9. Как готовить настойки?
Настойки готовятся просто. Многие знают, как это делается. Можно только дать пару необходимых рекомендаций.
Во-первых, чем мельче перемолото сырье, тем полнее идет экстракция. Однако долго хранить сухое сырье в виде очень мелкого порошка нельзя. Иначе оно окислится и потеряет эффективность. Поэтому хранится сырье обычно в виде крупных частиц (около 10 мм), а непосредственно перед приготовлением настойки дополнительно измельчается.
Во-вторых. Мнение, что чем крепче спирт, тем лучше, абсолютно несостоятельно. Все получается как раз наоборот. Поэтому для приготовления настоек нельзя использовать спирт крепче 40–45°.
Дальневосточные и сибирские травники предлагают такой рецепт. Засыпать измельченный корень в емкость для настаивания, залить крутым кипятком в необходимом расчетном количестве и оставить настаиваться несколько часов. Если корни эфиросодержащие (дягиль, валериана и другие), не забудьте закрыть крышку.

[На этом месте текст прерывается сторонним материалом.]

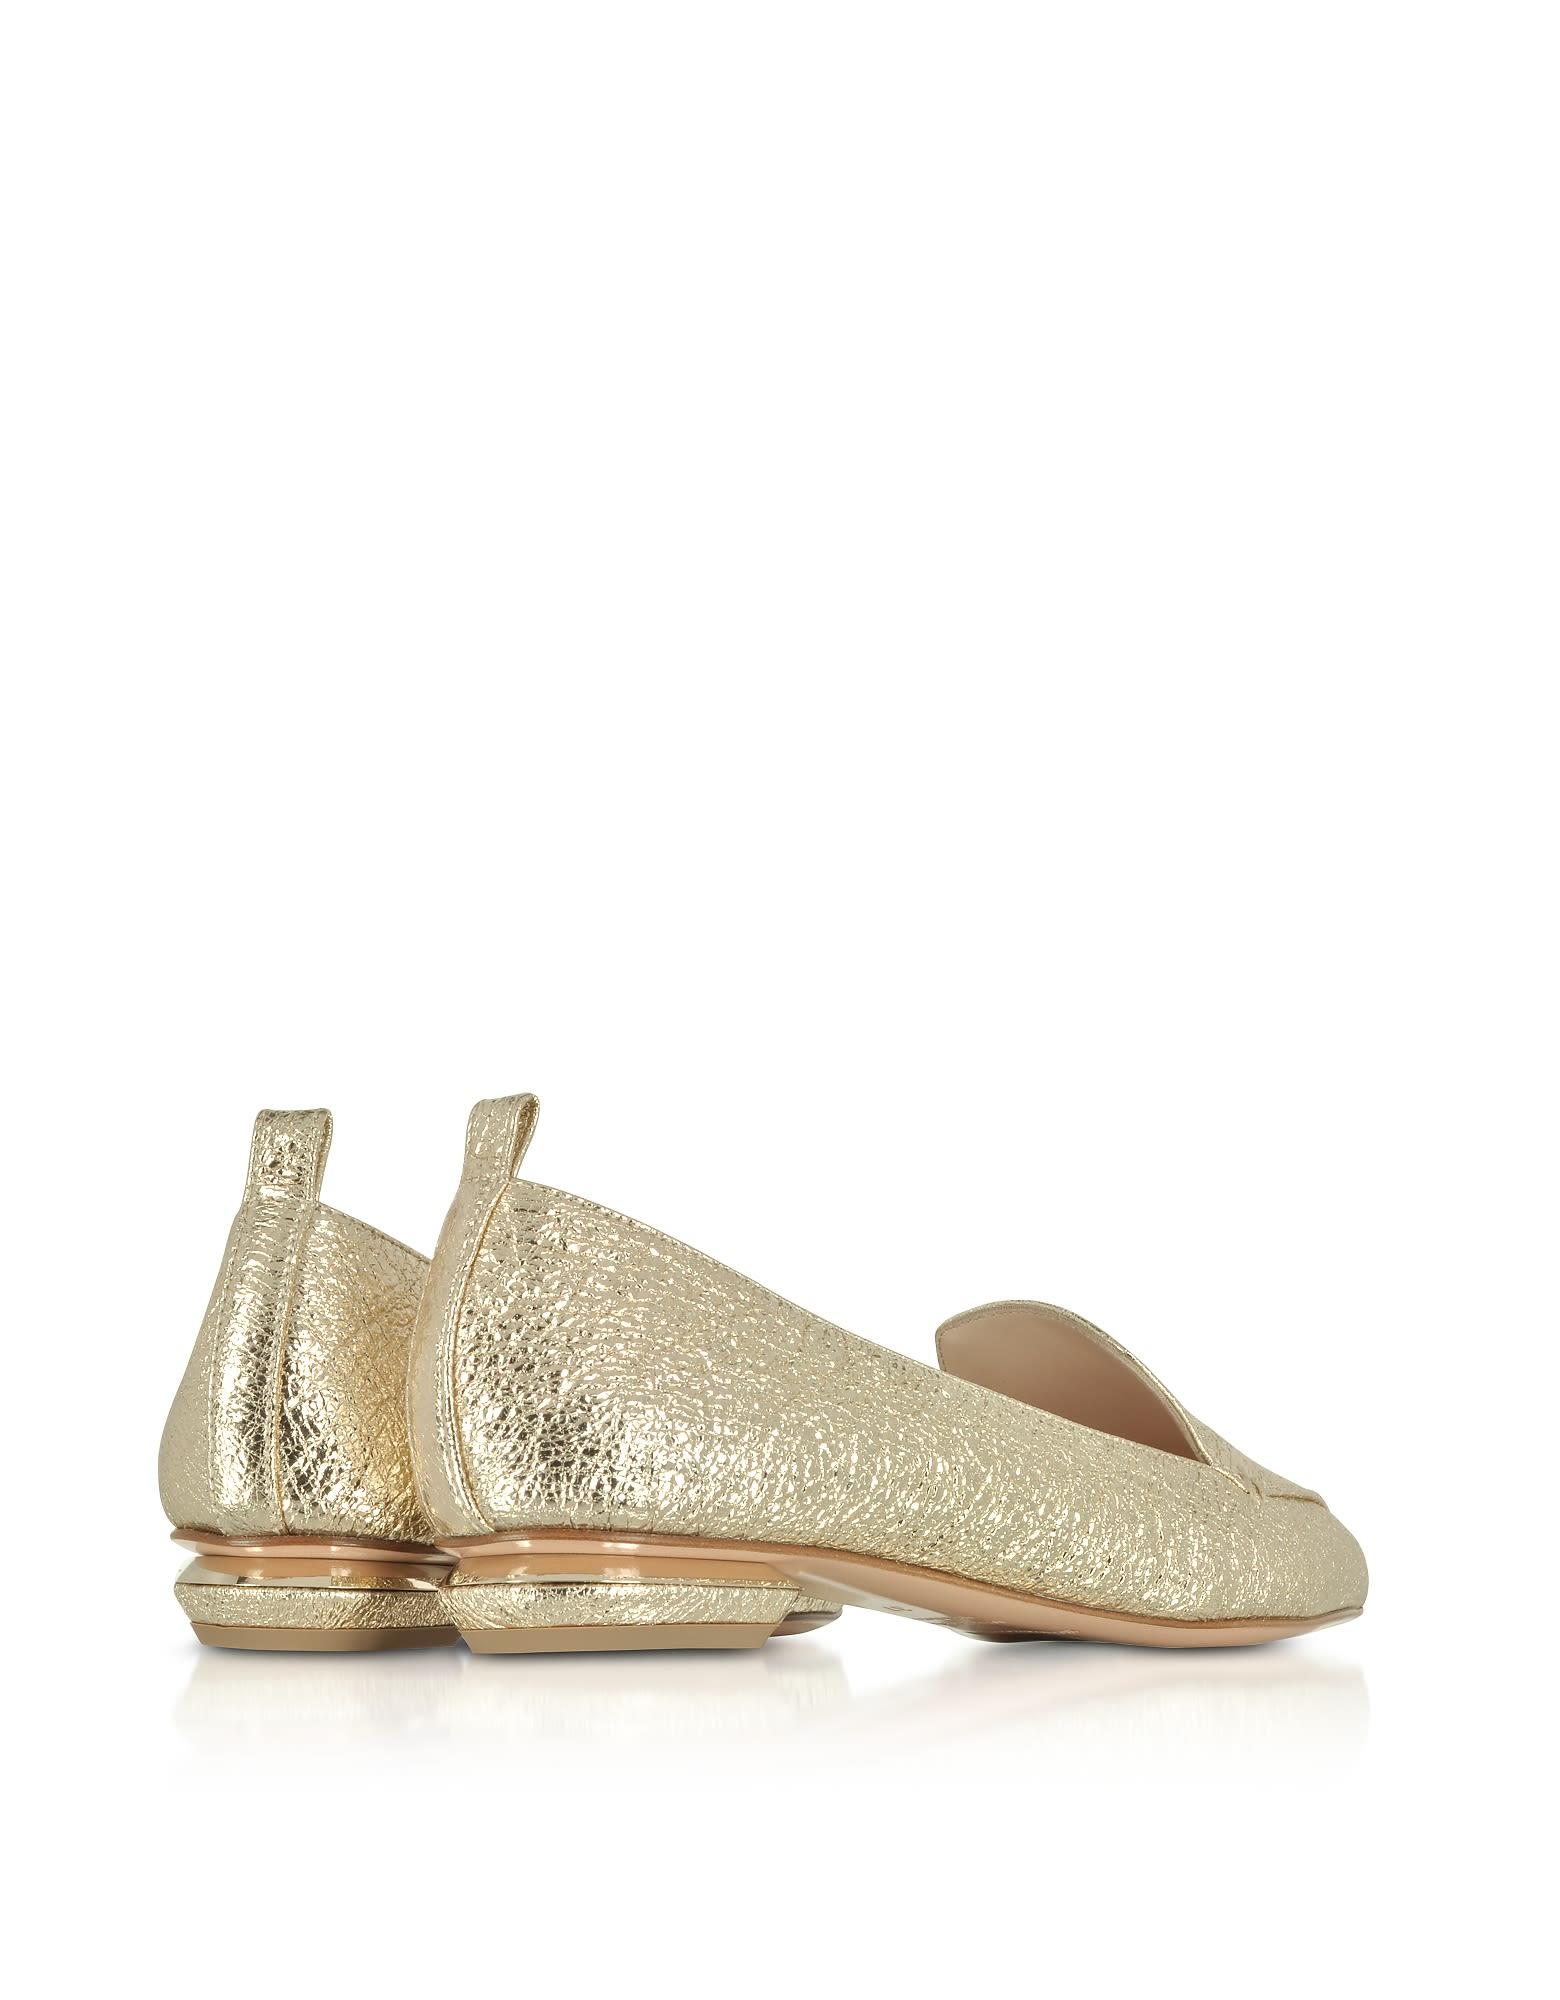 Nicholas Kirkwood Designer Shoes, Platino Crinkly Metallic Leather 18mm Beya Loafers

По прошествии нескольких часов нужно влить в ту же емкость спирт любой крепости в таком количестве, чтобы крепость полученной настойки не превысила 20°.
Пример. Допустим, вам нужно приготовить 10 %-ную настойку какого-то корня. Вы берете 100 г сухого сырья, измельчаете и засыпаете в стеклянную банку.
Потом кипятите воду и наливаете 500 мл в банку с корнем. Настаиваете 2–4 часа. Потом в эту же банку выливаете бутылку водки (0,5 л). После чего оставляете в темном месте на срок, необходимый для настаивания данного конкретного растения. Например, если это сабельник, то на 21-й день. Не забывайте встряхивать емкость 1 раз в два-три дня.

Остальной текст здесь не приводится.